The article explains that thermoelectric conversion is driven by the Seebeck effect: when there is a temperature difference across a conducting material, an electric current is generated. However, the efficiency of thermoelectric conversion is dependent on a figure called the thermoelectric figure of merit ZT. Historically, oxide-based converters had a low ZT, but recent research has revealed many candidates with high ZT, but their stability at high temperatures was not well documented. Both these factors have led to these converters being of limited use.

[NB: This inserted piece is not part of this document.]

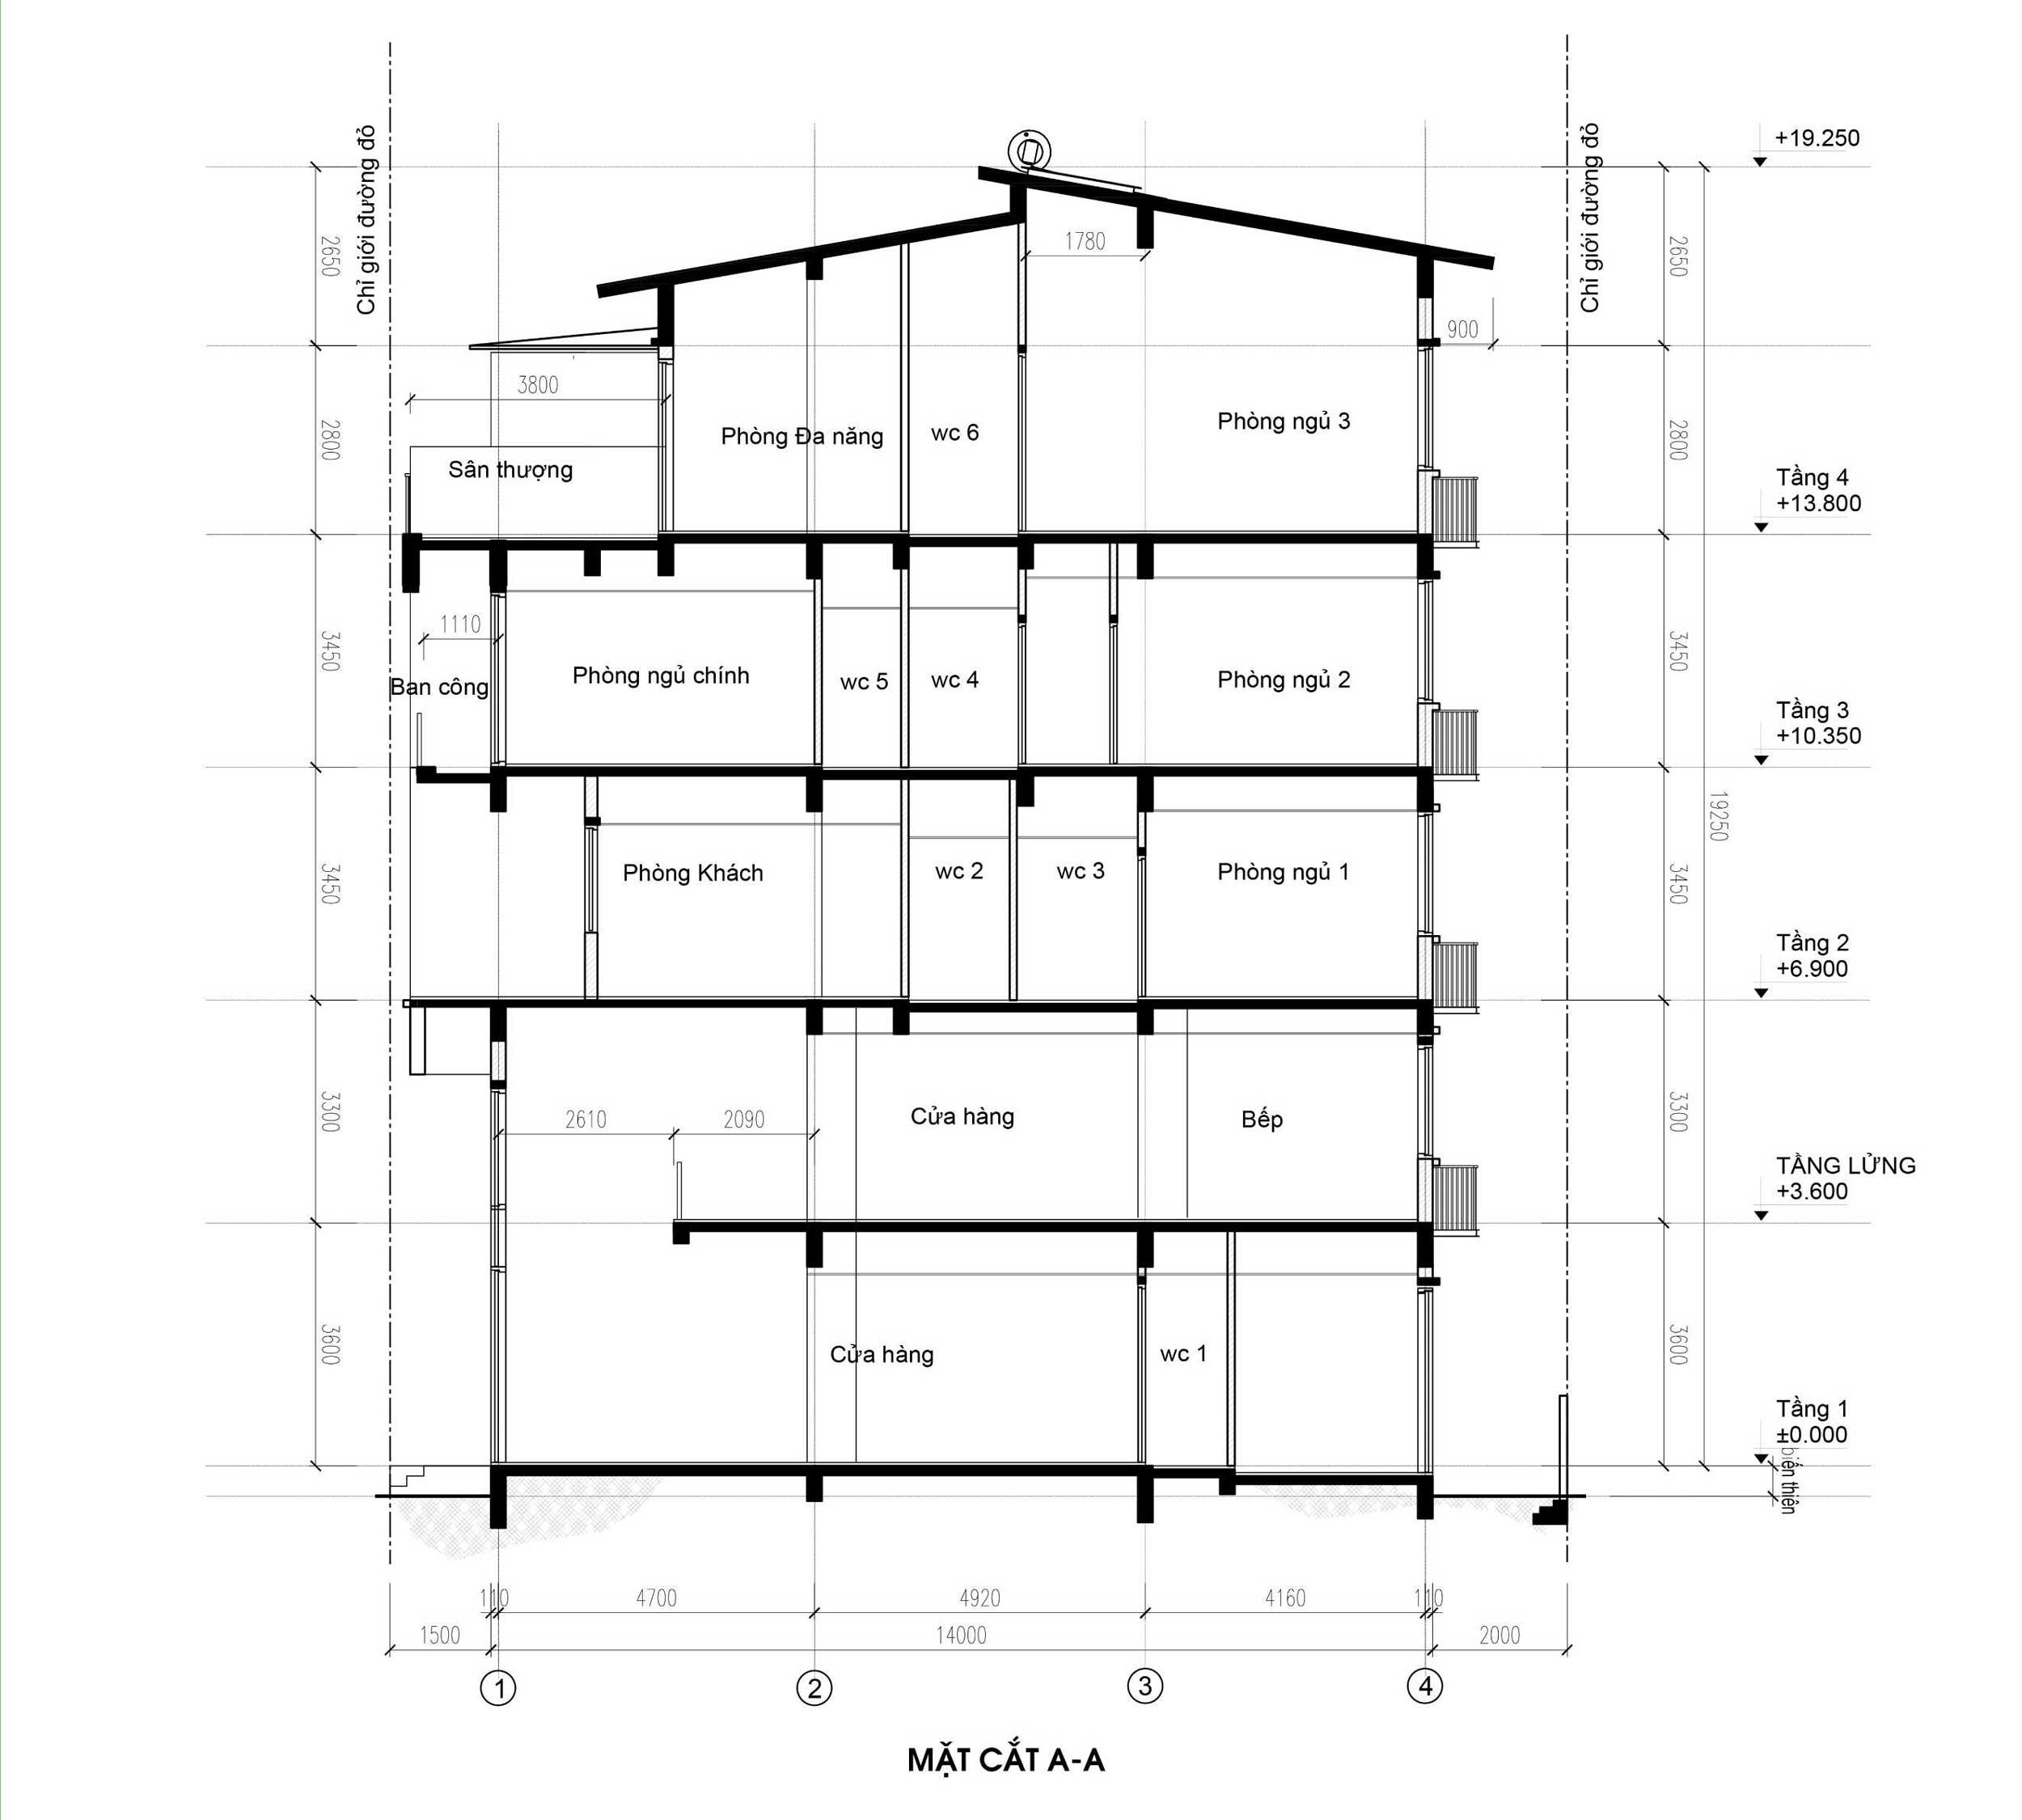 Mặt cắt - nhà phố góc Thủy Trúc(7x17,5m)

Yet, the Hokkaido researchers note that one of the alternatives is oxide-based thermoelectric materials, but the primary drawback these suffer from is a lack of evidence of their stability at high temperatures.

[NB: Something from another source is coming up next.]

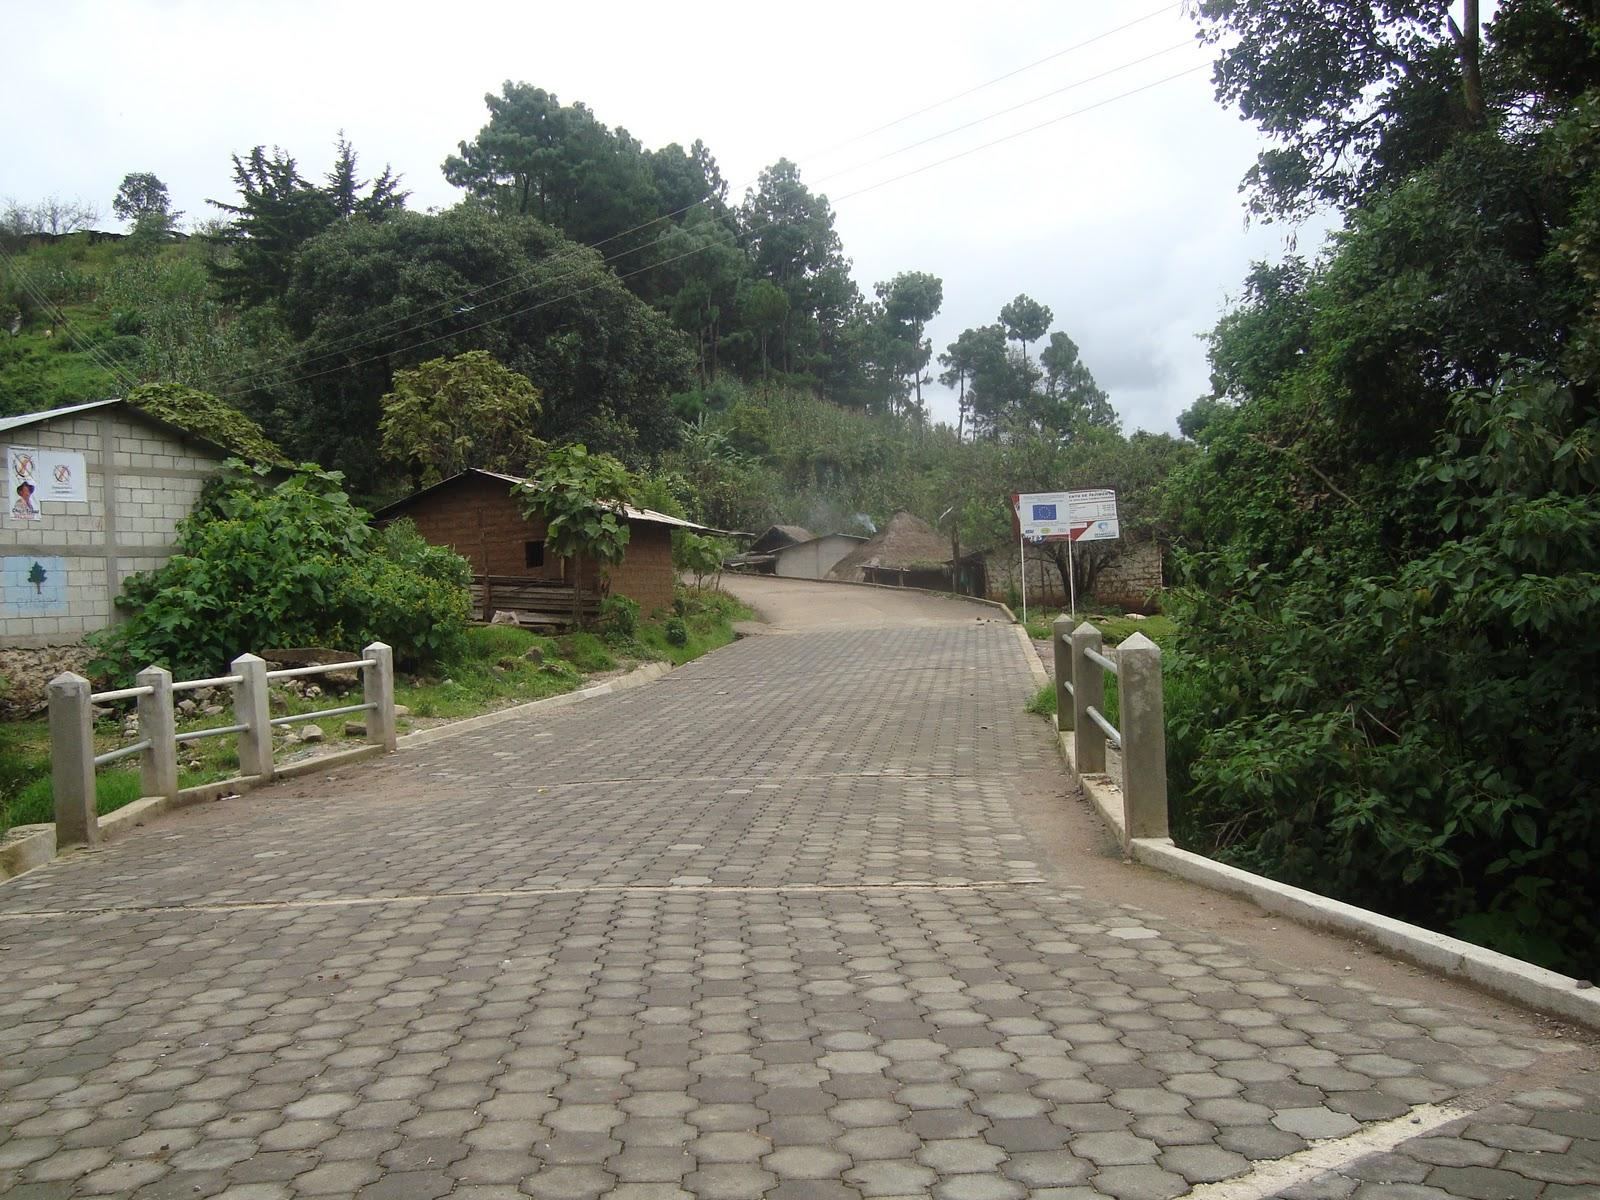 Municipalidad de santa apolonia chimaltenango for Adoquin para estacionamiento

This is where lead researcher Hiromichi Ohta and his team come in. Having worked on layered cobalt oxide films for over two decades, they sought to examine the thermal and chemical stability of these films, as well as measure their ZT values at high temperatures. They tested cobalt oxide films layered with sodium, calcium, strontium or barium, analyzing their structure, resistivity, and thermal conductivity.
They found that, of the four variants, the barium cobalt oxide layered film retained its stability in terms of structural integrity and electrical resistivity at temperatures as high as 600°C. In comparison, the sodium- and calcium cobalt oxide films were only stable until 350°C, and the strontium cobalt oxide film was stable up to 450°C. The ZT of the barium cobalt oxide film increased with the temperature, reaching ~0.55 at 600°C, comparable to some commercially available thermoelectric converters.
“Our study has shown that barium cobalt oxide films would be excellent candidates for high-temperature thermoelectric conversion devices,” Ohta said in a media statement.